Your task>
Check every line of the entries below for "Steiner", and copy the lines that have it.

[Opening Working data section]

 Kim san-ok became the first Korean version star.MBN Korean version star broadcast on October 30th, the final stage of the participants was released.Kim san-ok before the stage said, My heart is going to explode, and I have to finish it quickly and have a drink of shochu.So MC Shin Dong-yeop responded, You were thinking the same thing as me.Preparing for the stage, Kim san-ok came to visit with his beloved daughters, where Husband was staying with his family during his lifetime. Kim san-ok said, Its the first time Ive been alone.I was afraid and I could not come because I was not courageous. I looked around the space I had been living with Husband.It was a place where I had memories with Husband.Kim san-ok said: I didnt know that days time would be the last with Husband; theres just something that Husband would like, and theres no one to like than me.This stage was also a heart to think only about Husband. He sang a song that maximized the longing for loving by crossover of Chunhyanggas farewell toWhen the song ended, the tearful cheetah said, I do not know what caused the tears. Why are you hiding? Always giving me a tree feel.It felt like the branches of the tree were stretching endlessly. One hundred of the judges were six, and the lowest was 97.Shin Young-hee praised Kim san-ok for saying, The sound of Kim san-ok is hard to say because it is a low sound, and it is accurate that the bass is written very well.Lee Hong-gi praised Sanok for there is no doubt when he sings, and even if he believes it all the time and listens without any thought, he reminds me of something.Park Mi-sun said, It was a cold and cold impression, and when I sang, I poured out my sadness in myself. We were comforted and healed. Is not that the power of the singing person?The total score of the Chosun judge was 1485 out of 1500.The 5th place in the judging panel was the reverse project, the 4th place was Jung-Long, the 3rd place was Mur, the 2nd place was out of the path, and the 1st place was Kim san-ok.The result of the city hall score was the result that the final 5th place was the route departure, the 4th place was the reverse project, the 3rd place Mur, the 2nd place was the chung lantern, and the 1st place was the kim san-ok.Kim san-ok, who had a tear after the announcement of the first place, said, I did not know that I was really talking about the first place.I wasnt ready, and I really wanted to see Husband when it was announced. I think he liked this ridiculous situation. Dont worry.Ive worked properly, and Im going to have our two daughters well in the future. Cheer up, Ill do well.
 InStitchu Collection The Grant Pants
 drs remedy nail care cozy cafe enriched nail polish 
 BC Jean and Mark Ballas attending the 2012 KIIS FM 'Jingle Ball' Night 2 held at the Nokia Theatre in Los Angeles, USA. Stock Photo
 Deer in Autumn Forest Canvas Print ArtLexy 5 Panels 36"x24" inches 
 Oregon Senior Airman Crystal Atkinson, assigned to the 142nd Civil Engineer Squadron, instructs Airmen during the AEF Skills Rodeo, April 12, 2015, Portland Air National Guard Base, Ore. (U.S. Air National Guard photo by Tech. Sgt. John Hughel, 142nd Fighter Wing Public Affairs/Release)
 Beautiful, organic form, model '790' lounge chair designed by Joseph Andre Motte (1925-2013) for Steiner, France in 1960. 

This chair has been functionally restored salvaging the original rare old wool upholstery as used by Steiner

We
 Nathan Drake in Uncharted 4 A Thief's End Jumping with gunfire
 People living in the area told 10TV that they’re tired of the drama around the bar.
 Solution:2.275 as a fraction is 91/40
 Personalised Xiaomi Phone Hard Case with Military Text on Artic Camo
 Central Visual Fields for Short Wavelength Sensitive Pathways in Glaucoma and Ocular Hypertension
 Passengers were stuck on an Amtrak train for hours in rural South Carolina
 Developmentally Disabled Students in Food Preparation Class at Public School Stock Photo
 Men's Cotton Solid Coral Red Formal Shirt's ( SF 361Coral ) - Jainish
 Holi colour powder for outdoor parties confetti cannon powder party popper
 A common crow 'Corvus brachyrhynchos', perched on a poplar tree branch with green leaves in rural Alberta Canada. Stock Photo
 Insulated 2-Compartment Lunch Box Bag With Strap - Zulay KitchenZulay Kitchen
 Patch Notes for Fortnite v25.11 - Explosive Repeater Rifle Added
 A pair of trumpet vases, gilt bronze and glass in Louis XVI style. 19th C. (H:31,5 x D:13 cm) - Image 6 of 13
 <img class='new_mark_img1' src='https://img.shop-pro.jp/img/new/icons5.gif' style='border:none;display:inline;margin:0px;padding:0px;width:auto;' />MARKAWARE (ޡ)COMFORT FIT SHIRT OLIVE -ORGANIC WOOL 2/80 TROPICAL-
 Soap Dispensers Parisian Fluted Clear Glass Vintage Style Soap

[Closing Working data section]

Result>
 Beautiful, organic form, model '790' lounge chair designed by Joseph Andre Motte (1925-2013) for Steiner, France in 1960. 
This chair has been functionally restored salvaging the original rare old wool upholstery as used by Steiner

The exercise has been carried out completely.